» WHAT YOU NEED TO DO: Wherever an image appears in the data, omit it and copy all the remaining text word for word.

» INPUT DATA:
----------
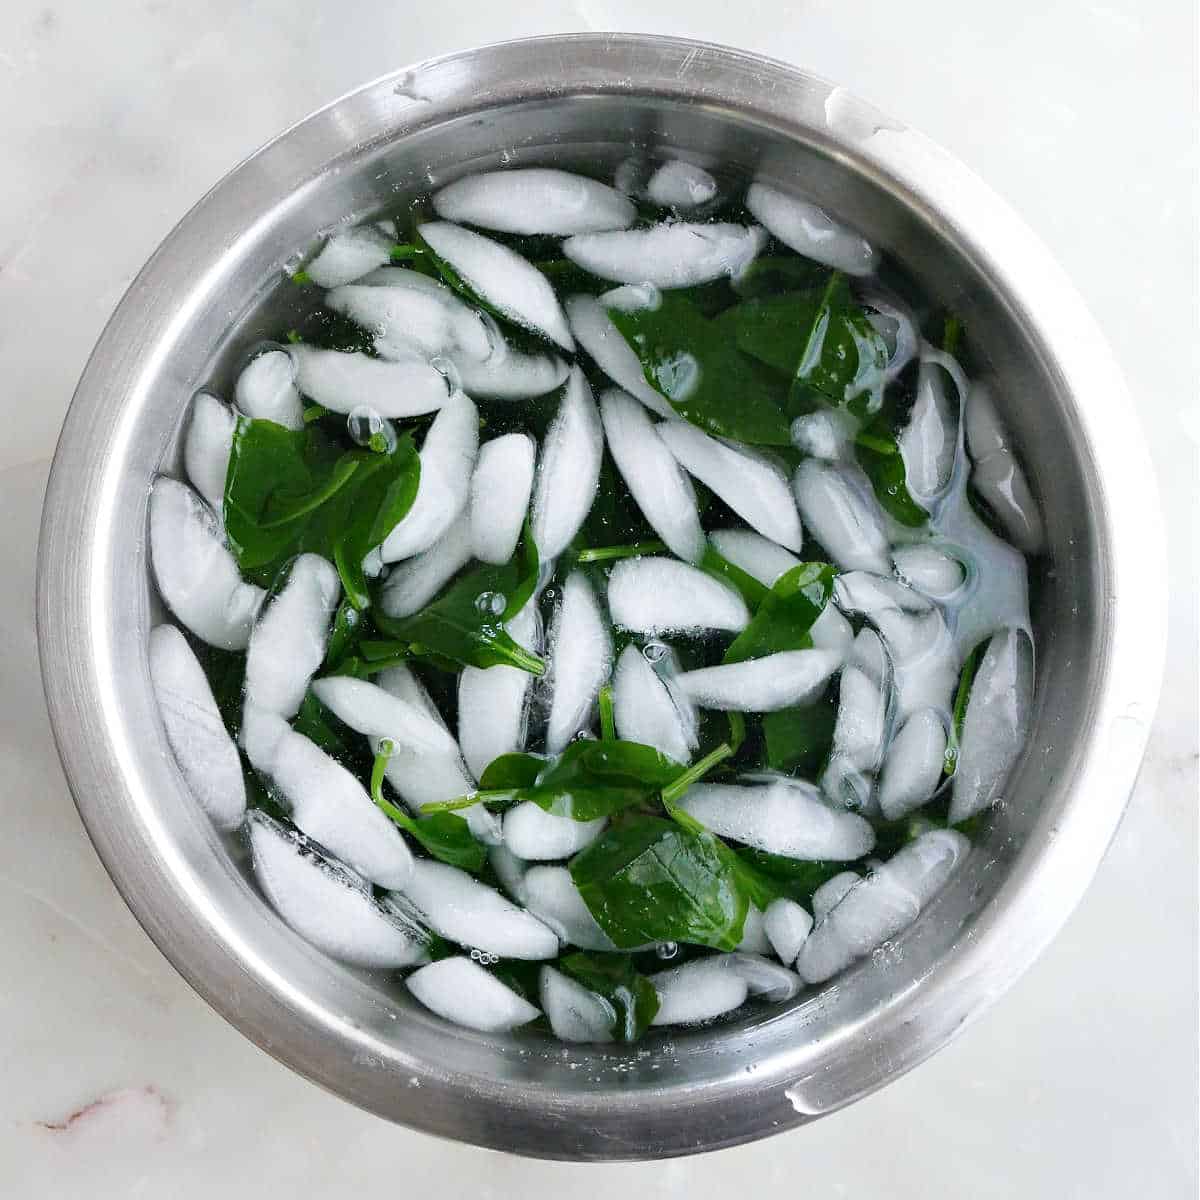 Cooked spinach in an ice bath in a stainless steel mixing bowl.
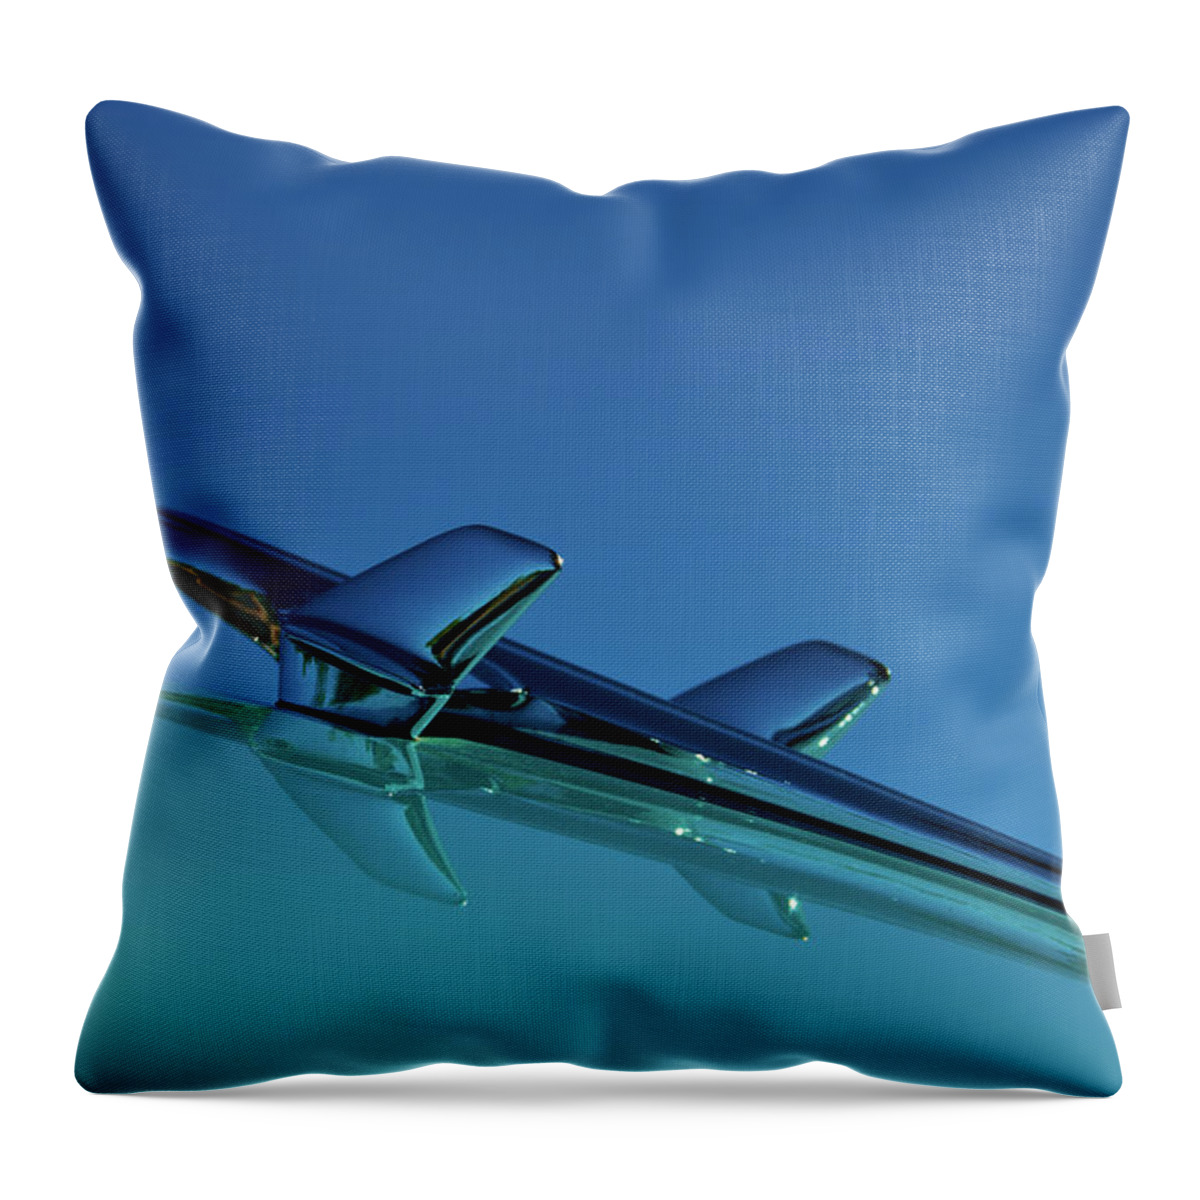 Chevy Throw Pillow featuring the photograph 1956 Chevy Belair Hood Ornament by Jani Freimann
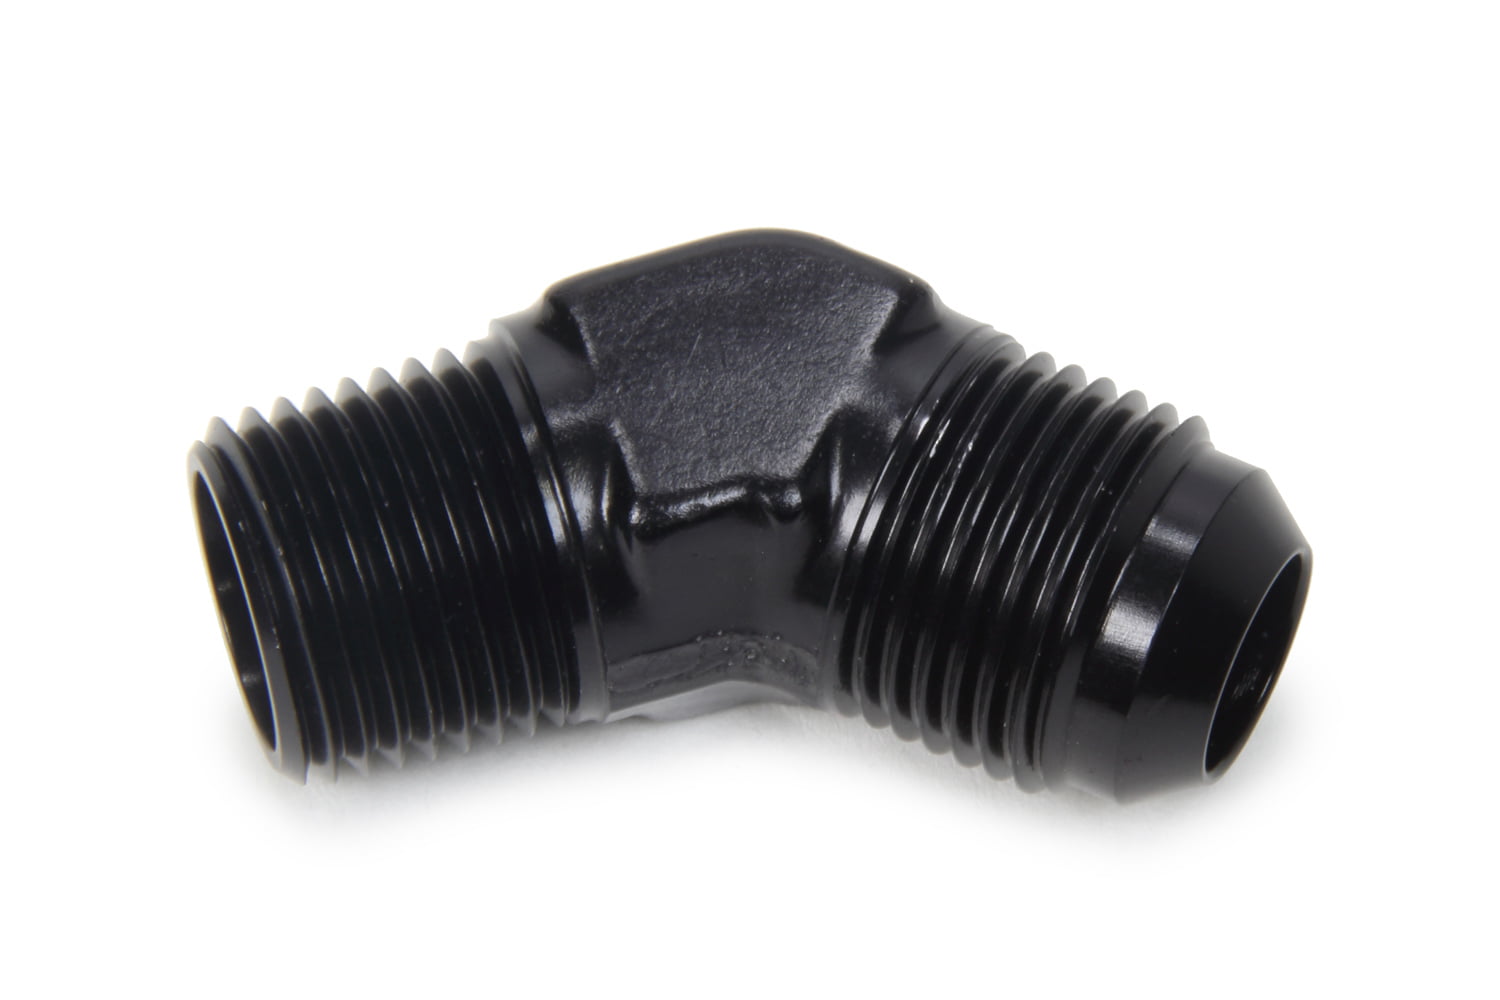 45 Degree Adapter 10 AN to 1/2 NPT Fitting Black 10an
----------
» ANSWER:
 Cooked spinach in an ice bath in a stainless steel mixing bowl.
 Chevy Throw Pillow featuring the photograph 1956 Chevy Belair Hood Ornament by Jani Freimann
 45 Degree Adapter 10 AN to 1/2 NPT Fitting Black 10an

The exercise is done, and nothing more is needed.